※女性向け二次創作です。苦手な方はご注意ください。 今日はギャグです。 ラブラブではありません。 きっかけは、ささいなことだった。 南葛SCの合宿で、たまたまバスの席が隣になった。僕は若林くんとはそう親しくはない。 話すこともあまりない。 僕は、そう人に話しかける方ではない。若林くんも恐らくそうだ。普通の小学6年生なら、こういう遠出なら、オヤツの話やら着いてからの過ごし方とか、ありそうなものだけど。 と言っても、僕だってそんな話をしようとは思わない。こんなに長く一緒にいて、話さなかったのは、よく考えたら若島津以来かも知れない。 「岬」 若林くんも手持ち無沙汰だったのか、ふと気づいたように、こちらを向いた。 「何?」 別に、話しかけられて、話す分にはやぶさかではない。黙ってはいたけど、笑顔ではいたぐらいだ。 若林くんと話こそしなかったけど、前の席の井沢くんと来生くんの会話や、(井沢くんの妹を嫁にやるとかやらないとか)後ろの席の岸田くんと浦辺くんの会話(どっちが女の子にもてるか。浦辺くんには最近、瞬ちゃんというファンがいるそうだ)を聞いているのは、とても楽しかったし。 「シリトリしようか?」 まさか若林くんから、そんな提案が出るとは思わなかった。シリトリって、そう会話が弾む、とかじゃない。 でも、若林くんからの提案は興味深かった。 小学生の癖に達観して(僕もだけど)サッカー以外では一歩退いたところのある若林くんと、あまり親しくなれそうにはないと思っていた。何だか、お互いの姿を見るようで。同族嫌悪、というやつかも知れない。 「良いよ、若林くんからどうぞ」 「じゃあ、シリトリ」 「理科」 「カット」 「トップ」 「プレイ」 「位置」 「チーム」 「昔」 「視野」 始めてみると、若林くんは意外に好敵手だった。同じような言葉を重ねて、無理のないところをつく、余裕たっぷりのプレイに、段々面白くなった。 「ミッドフィルダー」 「アタック」 「クイック」 シリトリは、延々続いた。恐らく20分、その頃には周囲が注目を始めていた。 「クオータ?」 「アイス」 その時だった。若林くんがとんでもないことを言ったのは。 「好きだ。一緒にいよう」 ご丁寧に、膝の上の僕の手を掴んでのことだ。 注目していた車内が一瞬にしてざわめく。僕が横を向くと、若林くんはとても機嫌が良さそうに笑っていた。・・・たちの悪い冗談もあったものだ。 「うそだよね?」 仕方なく、そう続けた。「ネット」 若林くんも真面目な顔をして、続けてきた。
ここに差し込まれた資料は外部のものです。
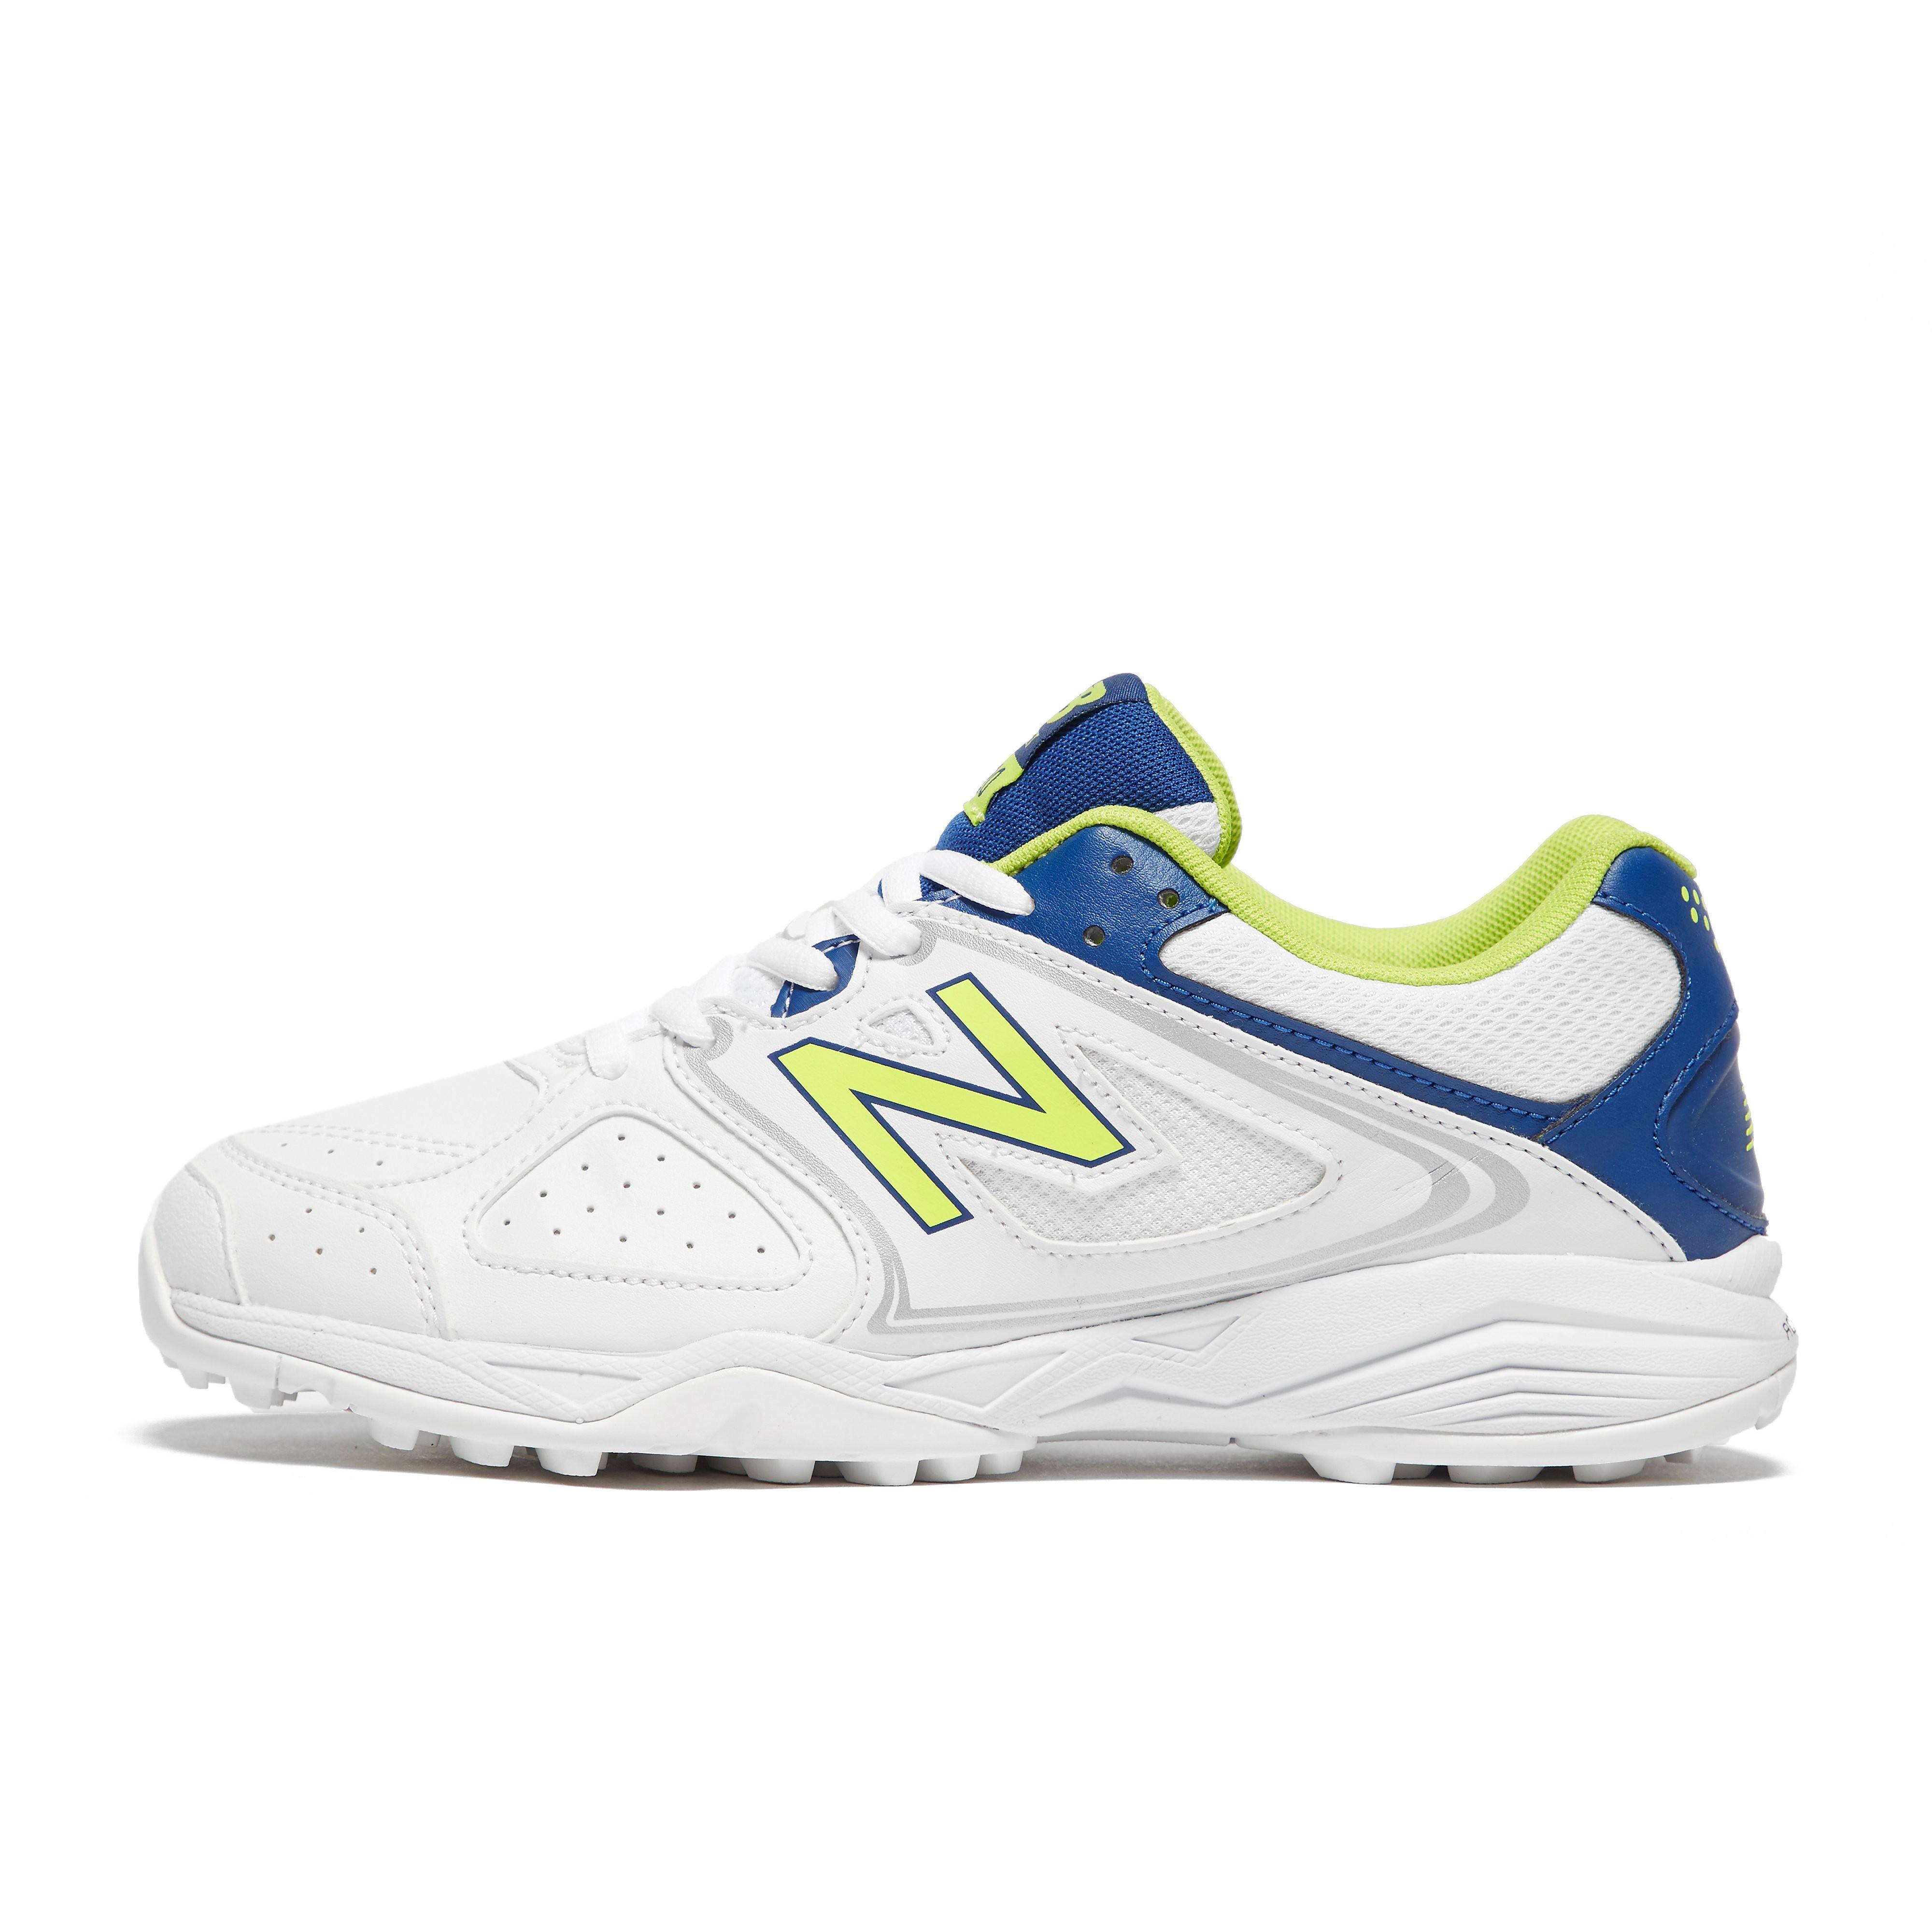 New Balance CK4020 Junior Cricket Shoes

やっぱり冗談だろうな。 「トリック」 何事もないように、シリトリを続けながらも、握られた手は放されない。本当なのか、どうなのか。自分から聞くのはシャクな気がした。 「ライト」 「徒歩」 だから、ズルをした。 「本気?」 何気ないフリで、言葉を混ぜた。 「決まってる」 若林くんは、僕の手に指を絡めて来た。表情一つ変えずに、何するんだよ。 「ルール破り」 不用意に挟んで来た指を、小次郎に習った間接技で返す。ウェイト差があっても大丈夫だと聞いていただけのことはあった。 「参った」
結局、何だったのかは分からないまま、もう一度シリトリをして(今度は普通に)バスを降りた。二度目のシリトリも長く続いたし、楽しかった。 降り際に、若林くんはこちらを振り返った。 「今度こそ」 「何?」 「口説いてやるからな」 訳の分からないことを言って、若林くんは降りて行った。
そうか、口説かれてたのか・・・、僕。
一回目「うん」と答えなかった自分の慧眼に安堵しながら、僕もバスを降りた。
(おわり)
拍手ありがとうございます。 ハードボイルドな岬くんを書きたくて。若林くんがいぢめられただけでした。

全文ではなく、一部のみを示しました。